Ambassador Dennis Ross is the counselor and William Davidson Distinguished Fellow at The Washington Institute for Near East Policy. He also teaches at Georgetown University’s Center for Jewish Civilization. For more than twelve years, Amb. Ross played a leading role in shaping U.S. involvement in the Middle East peace process, dealing directly with the parties as the U.S. point man on the peace process in both the George H. W. Bush and Bill Clinton administrations. He served two and half years as special assistant to President Obama and National Security Council senior director for the Central Region, spending the first 6 months of the Administration as the special advisor on Iran to Secretary of State Hillary Rodham Clinton.

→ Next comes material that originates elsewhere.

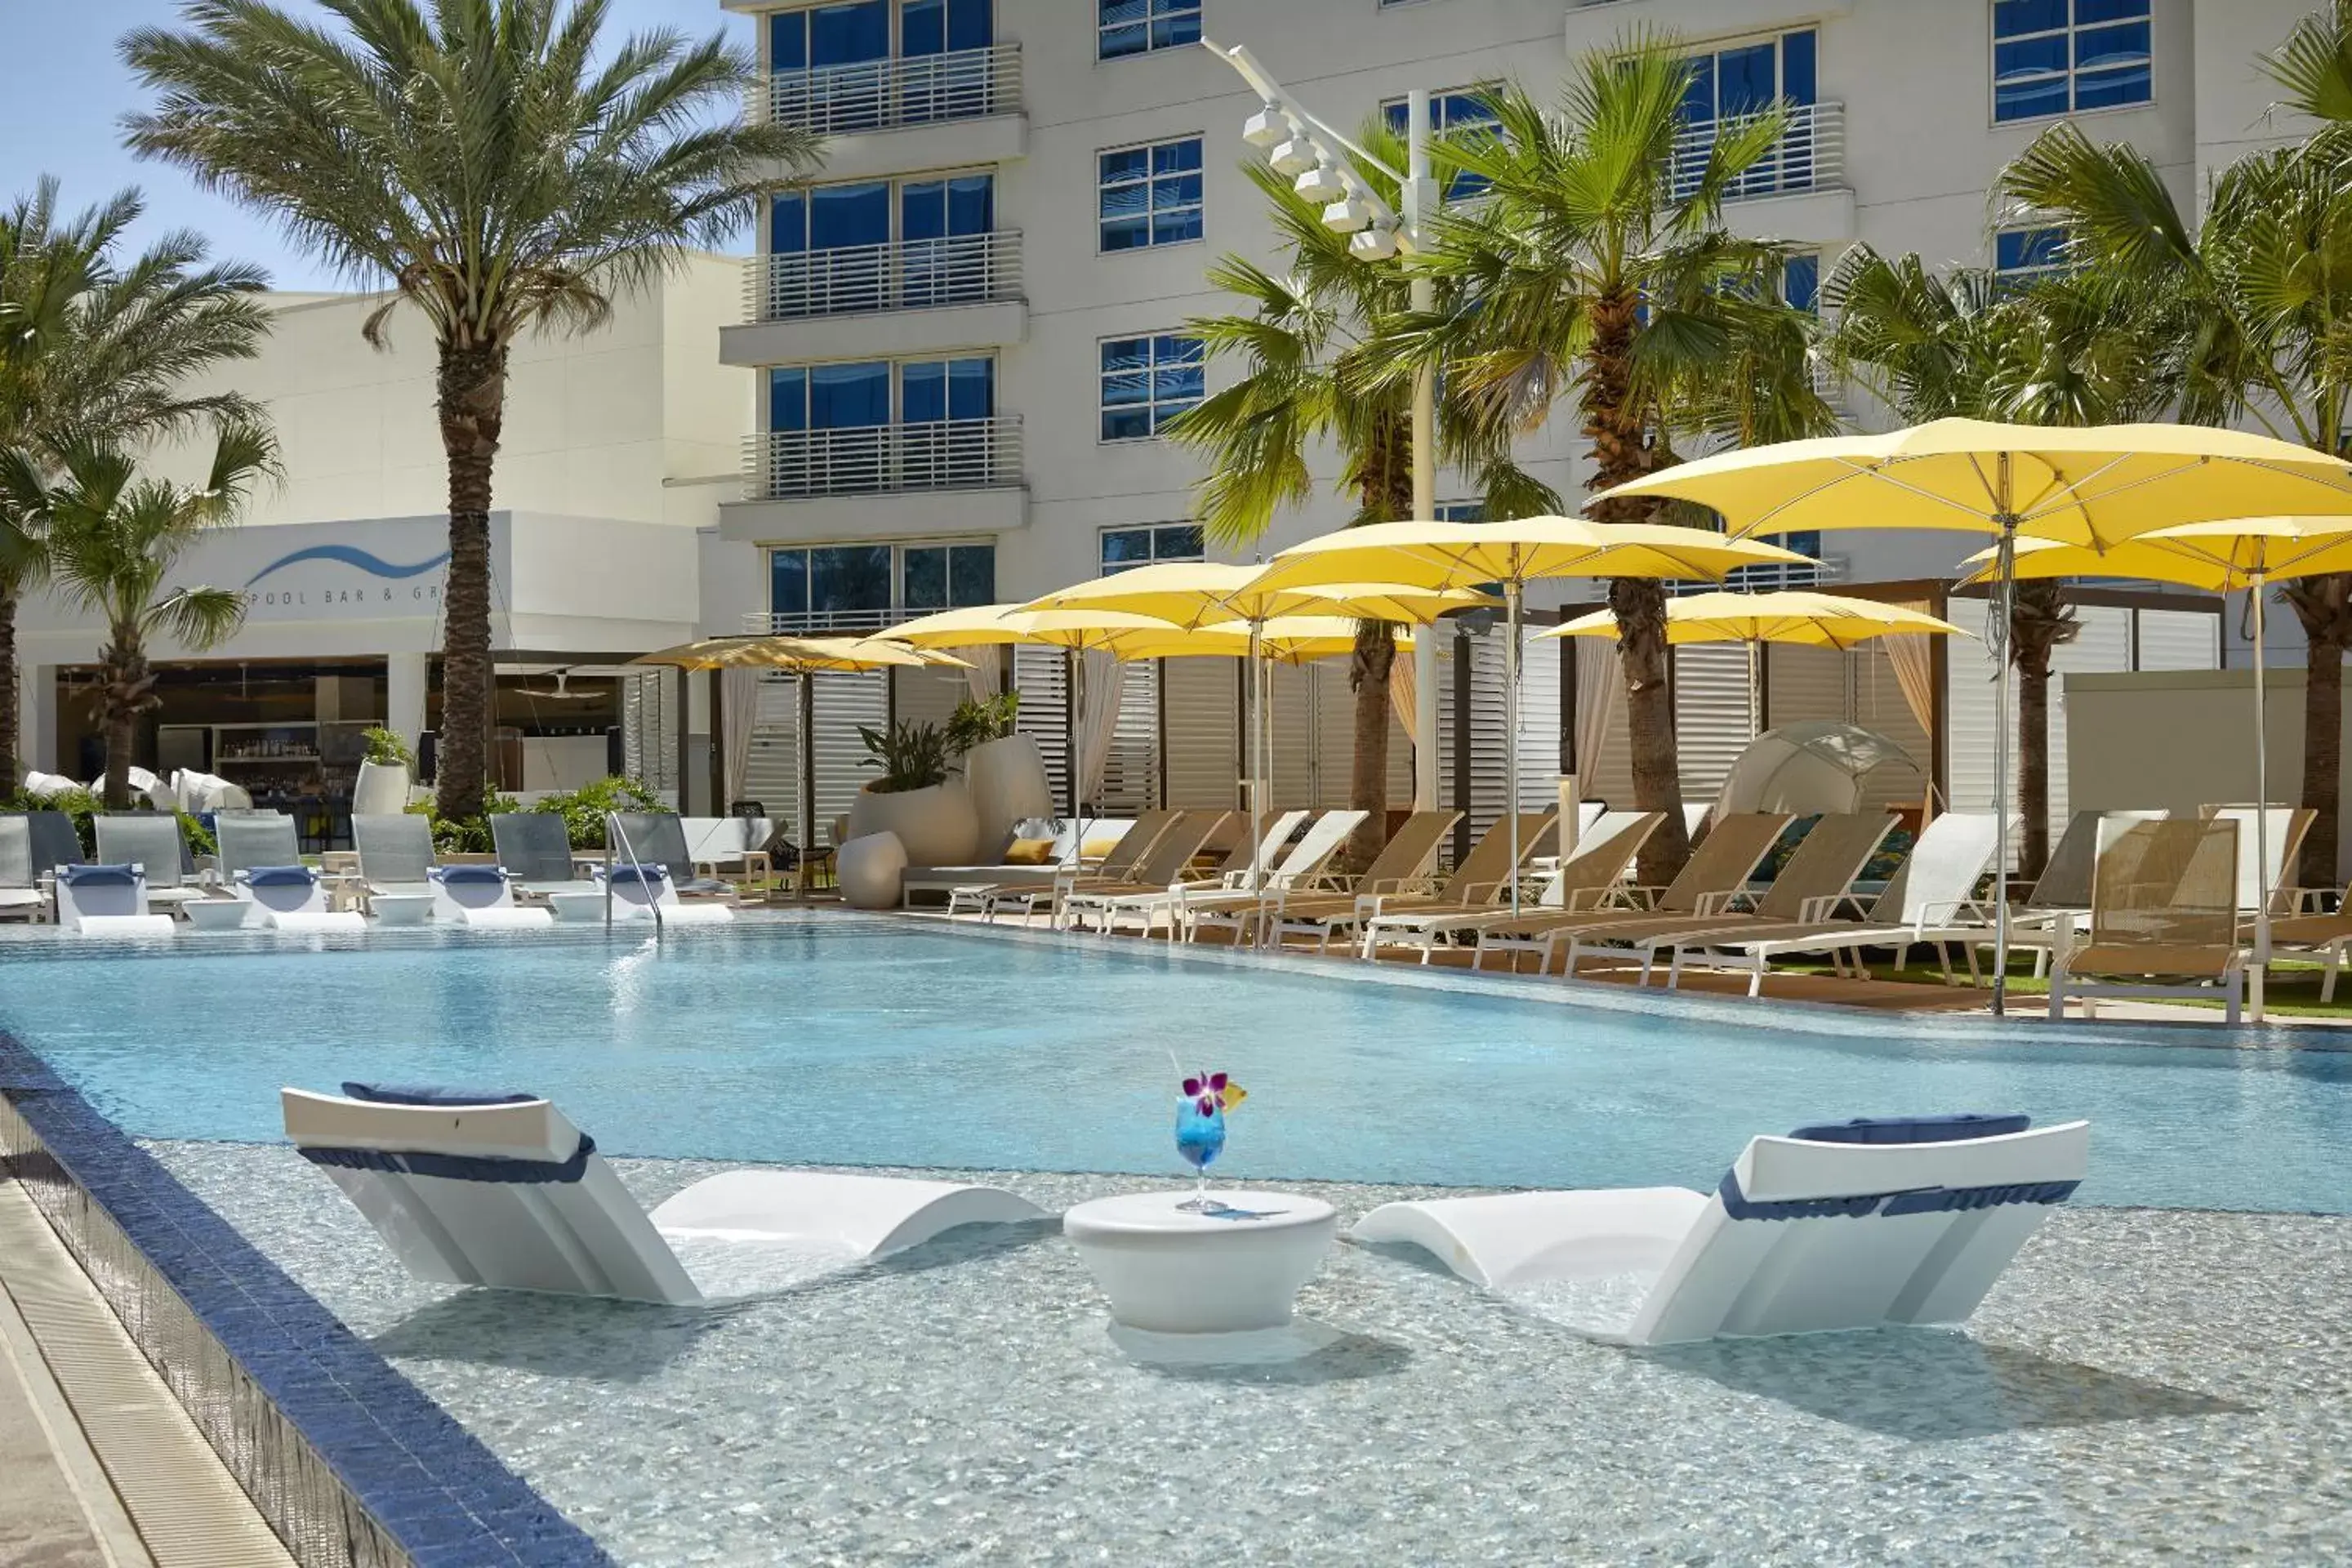 Swimming Pool in Seminole Hard Rock Hotel and Casino Tampa

 Prior to his service as special Middle East coordinator under President Clinton, Amb. Ross served as director of the State Department's Policy Planning Staff in the first Bush administration. He played a prominent role in U.S. policy towards the former Soviet Union, the unification of Germany and its integration into NATO, arms control negotiations, and the 1991 Gulf War coalition. During the Reagan administration, he served as director of Near East and South Asian affairs on the National Security Council staff and deputy director of the Pentagon's Office of Net Assessment.

 A graduate of UCLA, Amb. Ross wrote his doctoral dissertation on Soviet decision-making, and served as executive director of the Berkeley-Stanford program on Soviet International Behavior. He received UCLA's highest medal and has been named UCLA alumnus of the year. Amb. Ross is the author of five books on the peace process, the Middle East, and international relations, most recently Be Strong and of Good Courage: How Israel's Most Important Leaders Shaped Its Destiny (PublicAffairs, 2019), written with his colleague David Makovsky, which was published in September 2019. It provides profiles of four Israeli prime ministers who made historic choices and explores the lessons from those decisions to see if they can provide a guide to dealing with the fateful choice that Israel's leaders must soon confront or by default become a binational state.

 Previously, Amb. Ross authored Doomed to Succeed: The U.S.-Israel Relationship from Truman to Obama (Farrar, Straus, and Giroux, 2015). That book was awarded the 2015 National Jewish Book Award for history. He also co-authored Myths, Illusions, and Peace: Finding a New Direction for America in the Middle East (Viking, 2009) with Mr. Makovsky. An earlier study, The Missing Peace: The Inside Story of the Fight for Middle East Peace (Farrar, Straus, and Giroux, 2004), offers comprehensive analytical and personal insight into the Middle East peace process. The New York Times praised his 2007 publication, Statecraft, And How to Restore America's Standing in the World (Farrar, Straus, and Giroux, 2007), as "important and illuminating."

Conversation recorded on April 5, 2024.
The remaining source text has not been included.